I feel so soiled and dirty and used. I can never be pure again, I could never love again, love anyone or myself even.
I will give this journal to Calista so that she will know. She will know of what I have done, how much grief I've made, and understand that I regret it. I regret it all—killing my brother, causing her and Jirall much grief, using Zael, only to be used by Dagran in the end.
I doubt she will forgive me...but I don't know how else to apologize, Calista. All I've done is cause you pain.
Forgive me. Please.
Calista simply snapped the journal shut, rushing straight down the hallway and to her uncle's room. She'd told Zael that she wanted to talk with her uncle alone, that yes, she'll be okay. She just wanted to talk to him. Knocking on the door to his room, she opened it slowly.
"Uncle?" She spoke up quietly. "Can I talk to you?"

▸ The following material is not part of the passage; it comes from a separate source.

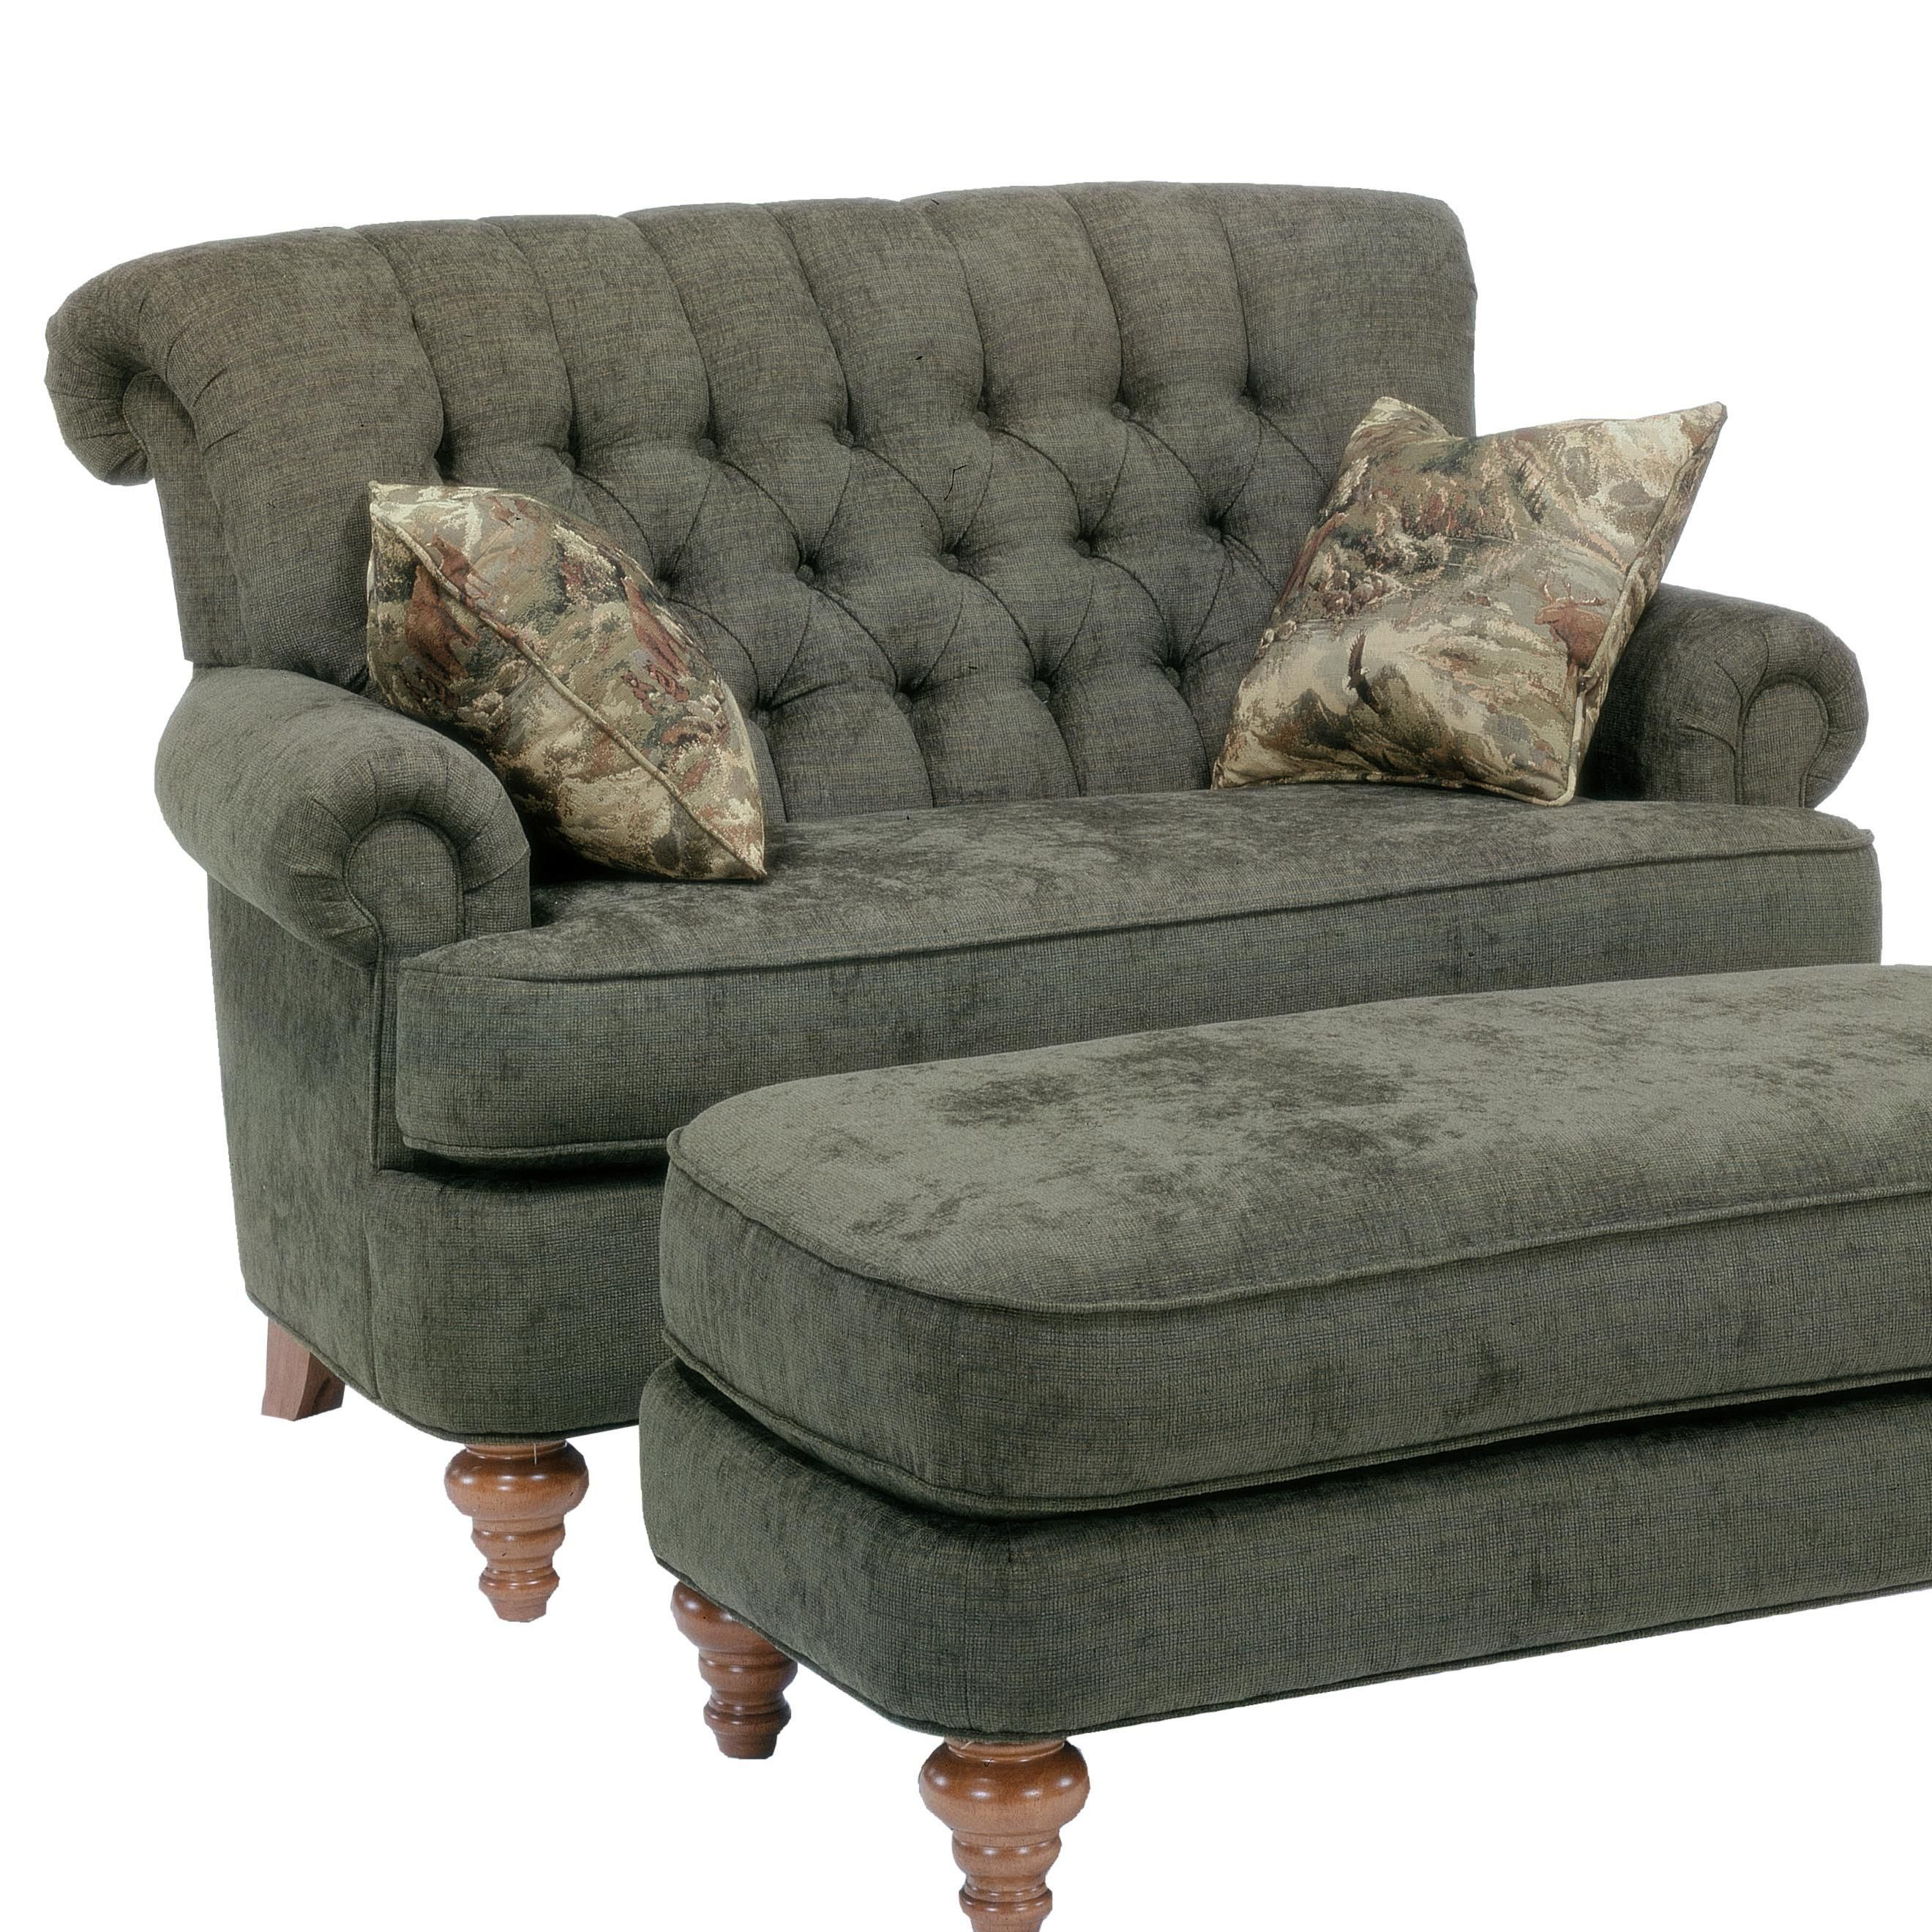 Flexsteel Sofa Vintage: South Hampton Settee By Flexsteel

She gazed sadly at his room, completely in disarray, and noticed her uncle sit up in his bed, looking to her. He was clothed, at least, though said clothing was wrinkled and also in disarray—the opposite of what he usually was, proud and strong and standing on both legs, everything neatened and perfect.
"Y-you came." Her uncle managed softly, looking down. "I..."

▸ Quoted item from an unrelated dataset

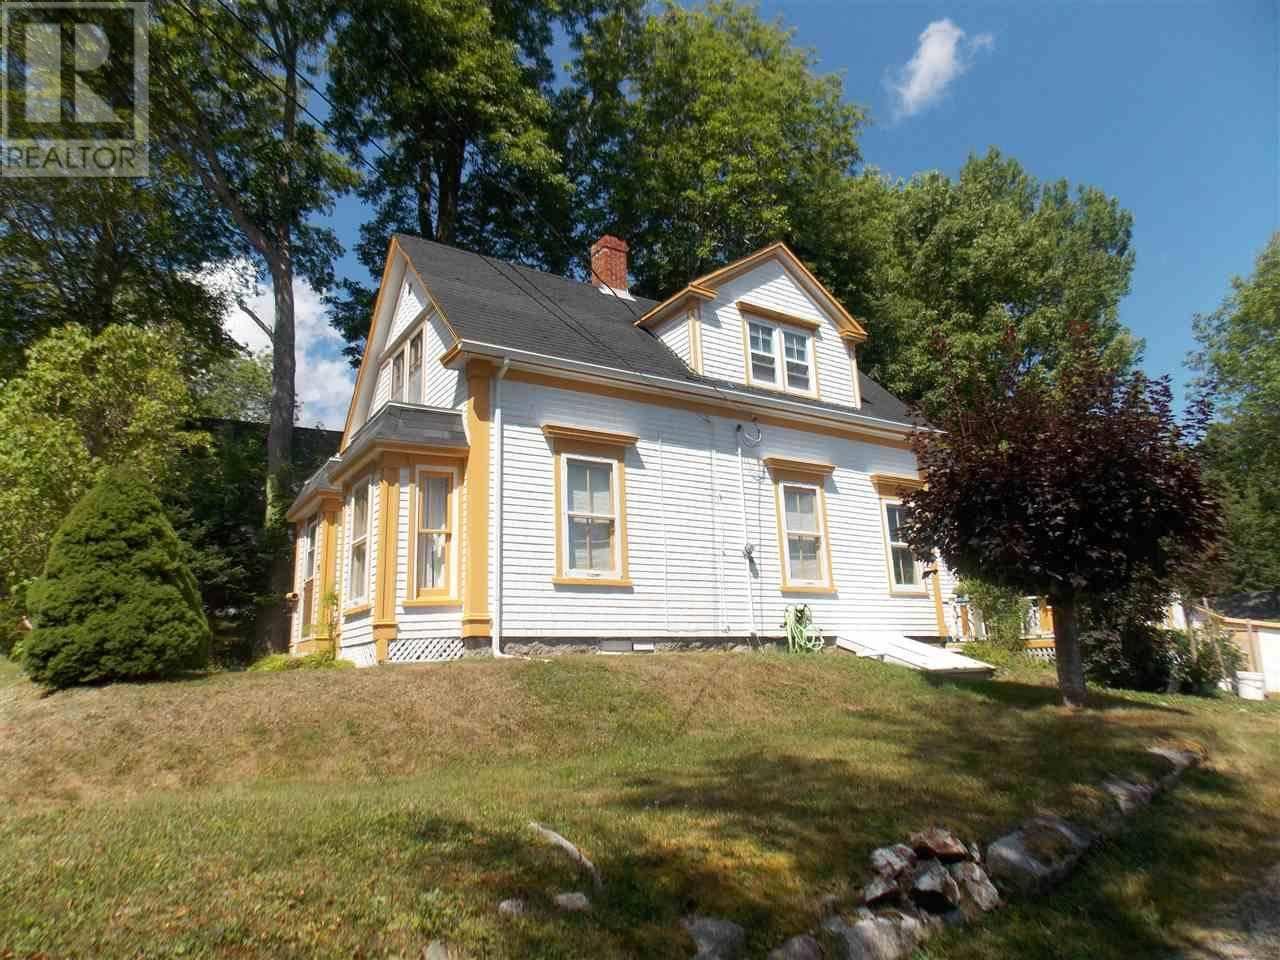 House for sale at 16 Garden Ln Mahone Bay Nova Scotia - MLS: 201920852

Calista simply walked over to him, hugging him tightly. "I read the journal." She whispered softly. "I know that you killed my father. And I know of everything else you mentioned in your journal. I understand why you wanted to give this to me..."
Arganan whimpered softly, both his arms coming up to weakly embrace her. "I'm sorry." He whispered softly. "I'm sorry. I.." He sniffled slightly, burying his faec into her shoulder. "I...I'm so dirty, Calista. All these sins I've committed—they're impossible to wash away."
Calista frowned, holding him close. "Uncle, all the bad things you've done do not define you. It's what you do to make up for it that defines you. Once upon a time, I would have thought you to be corrupted, a terrible person. But now I see that you never meant to do it. That by giving me your journal you just wanted to do something right. You never truly wanted to kill my father, did you?"
Arganan shook his head, still embracing her. "No. N-never wanted...to..." He whispered softly.
He would then feel a kiss on his forehead, and he blinked, looking up at her. "Calista?"
Calista gazed back at him gently. "I love you, uncle." She whispered softly, hugging him. "And I forgive you."
I forgive you.
Those would be the words he clung onto as he held his niece quietly, relief and peace flooding his senses.
The bonds between them would get stronger.